Input data:
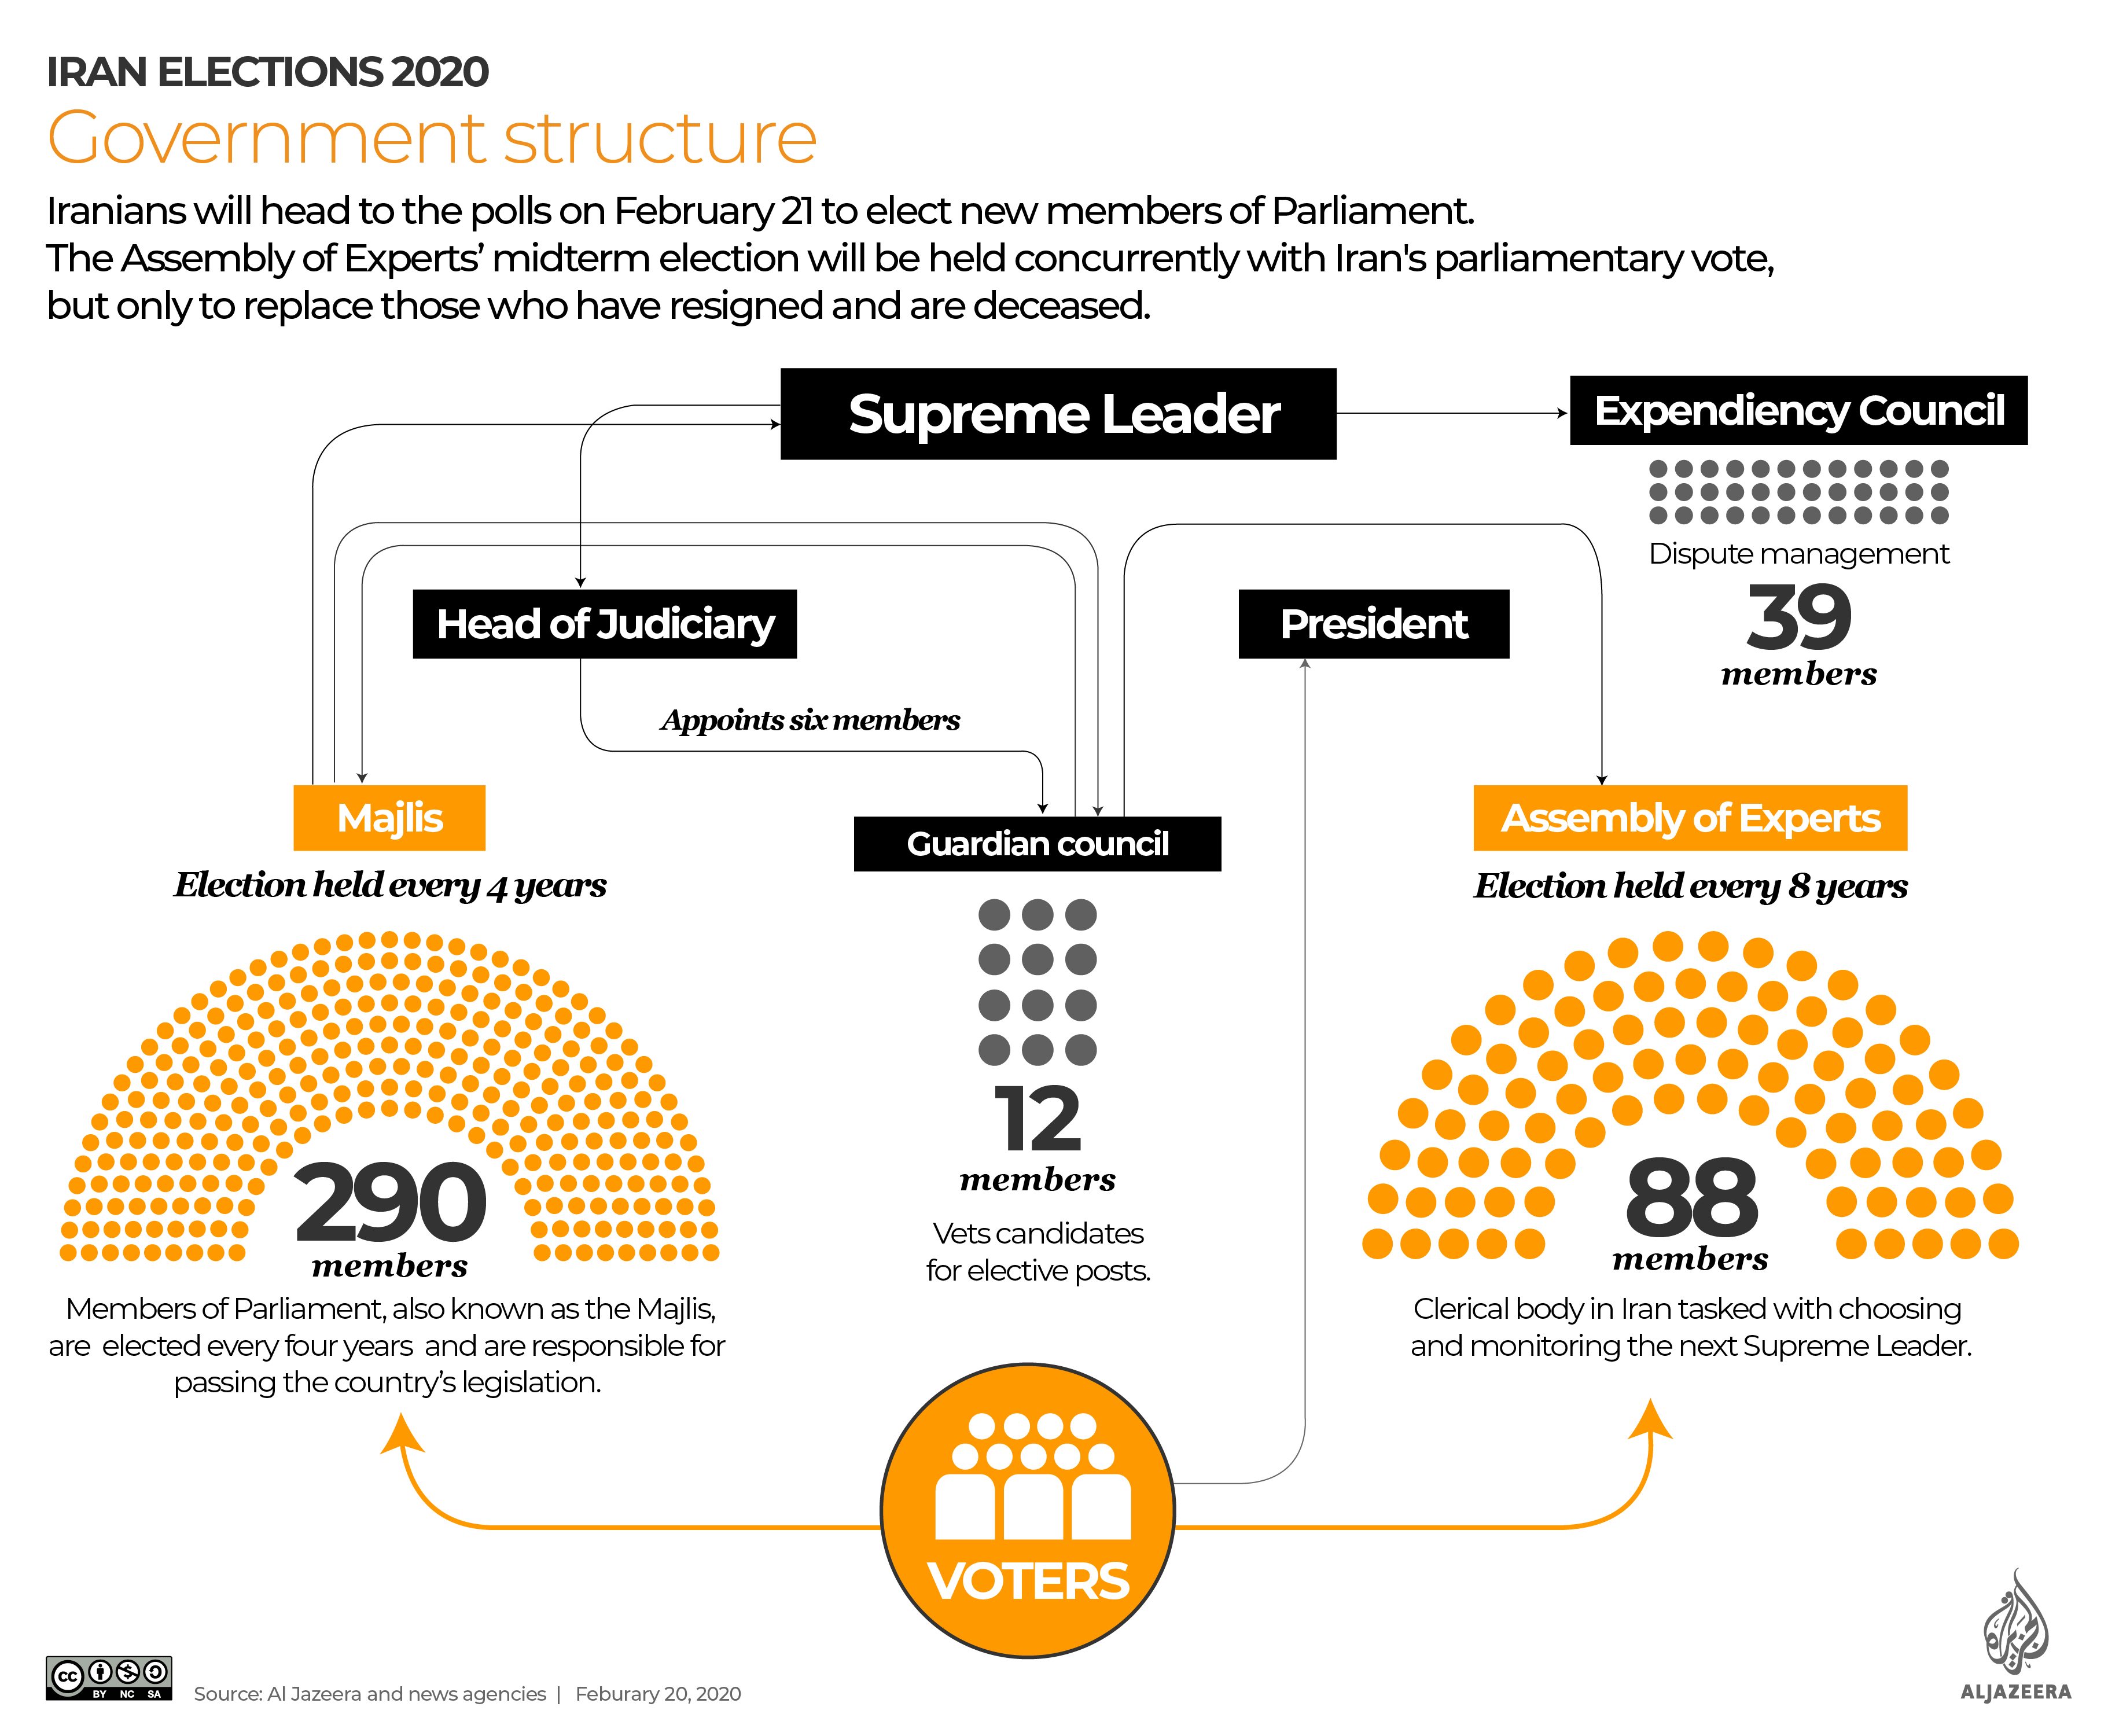 INTERACTIVE: Iran parliamentary elections 2020 - Government structure 
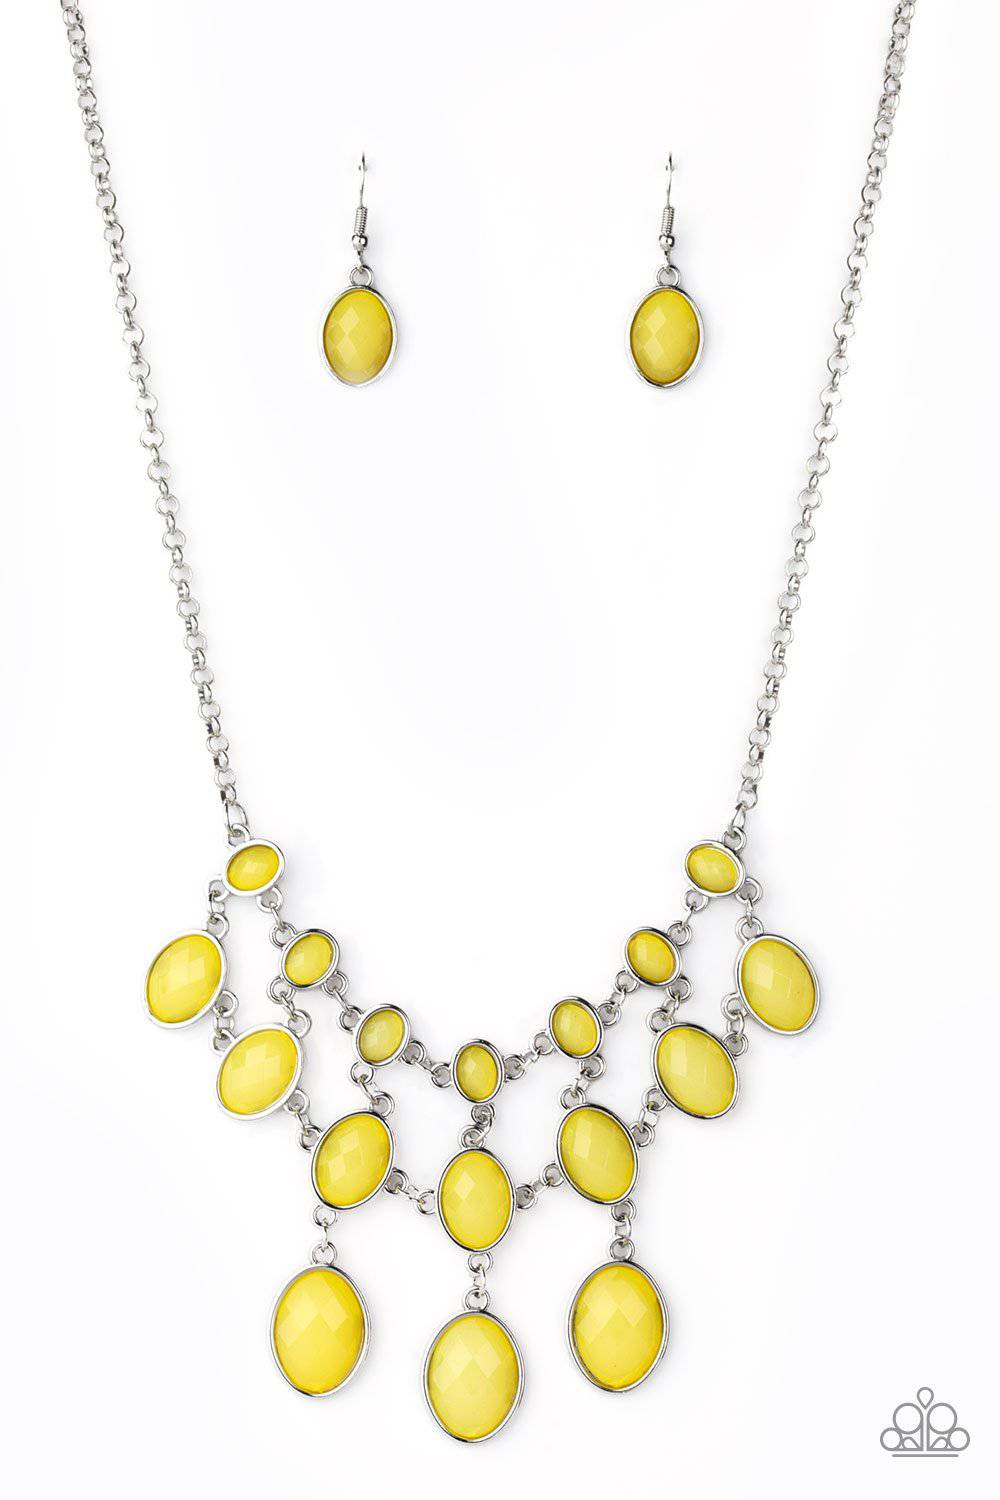 Color Me Neon Yellow Necklace – Ericka C Wise, $5 Jewelry
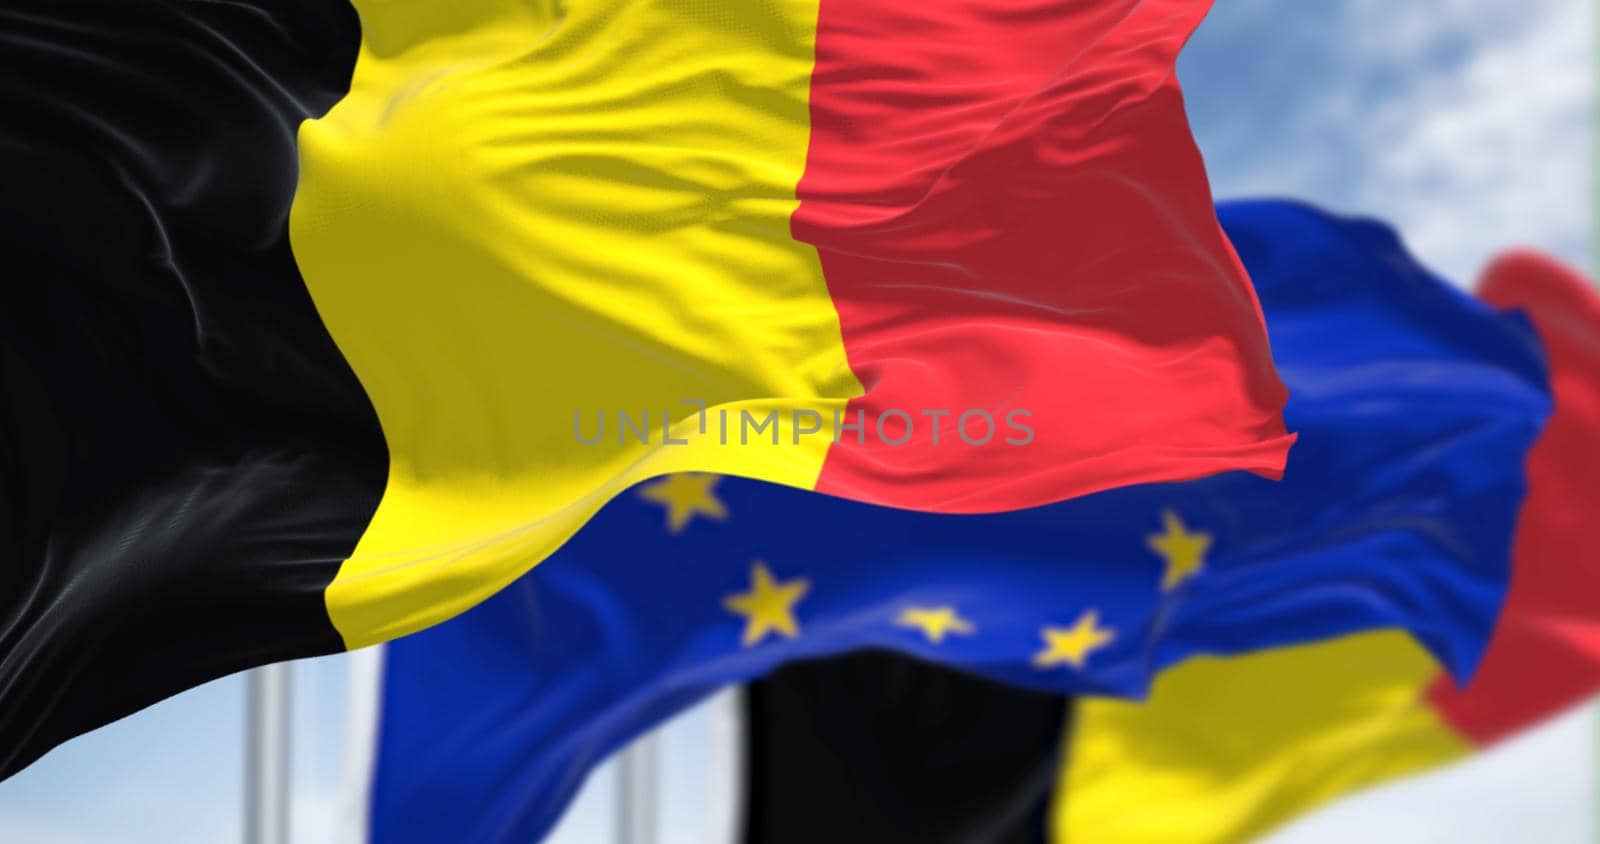 Detail of the national flag of Belgium waving in the wind with blurred european union flag in the background on a clear day by rarrarorro
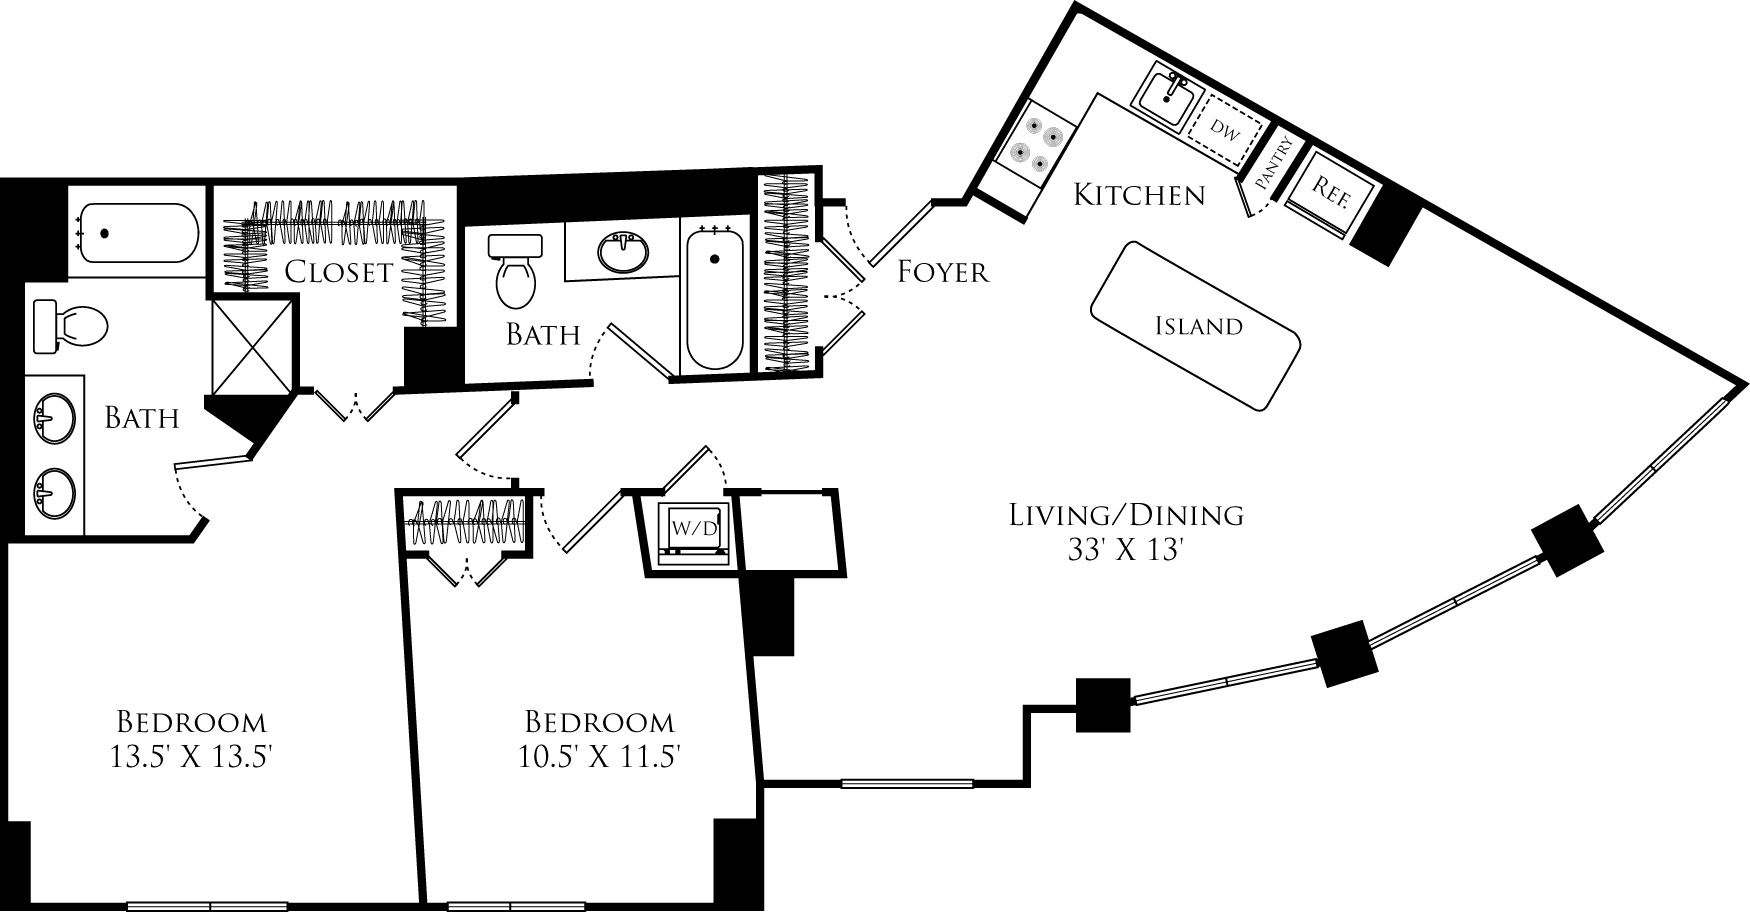 B2M floor plan with 2 beds, 2 baths and is 1188 square feet

What to work on:
In full and without change, repeat the material above, minus the pictures.

Answer to this task:
 INTERACTIVE: Iran parliamentary elections 2020 - Government structure 
 Color Me Neon Yellow Necklace – Ericka C Wise, $5 Jewelry
 Detail of the national flag of Belgium waving in the wind with blurred european union flag in the background on a clear day by rarrarorro
 B2M floor plan with 2 beds, 2 baths and is 1188 square feet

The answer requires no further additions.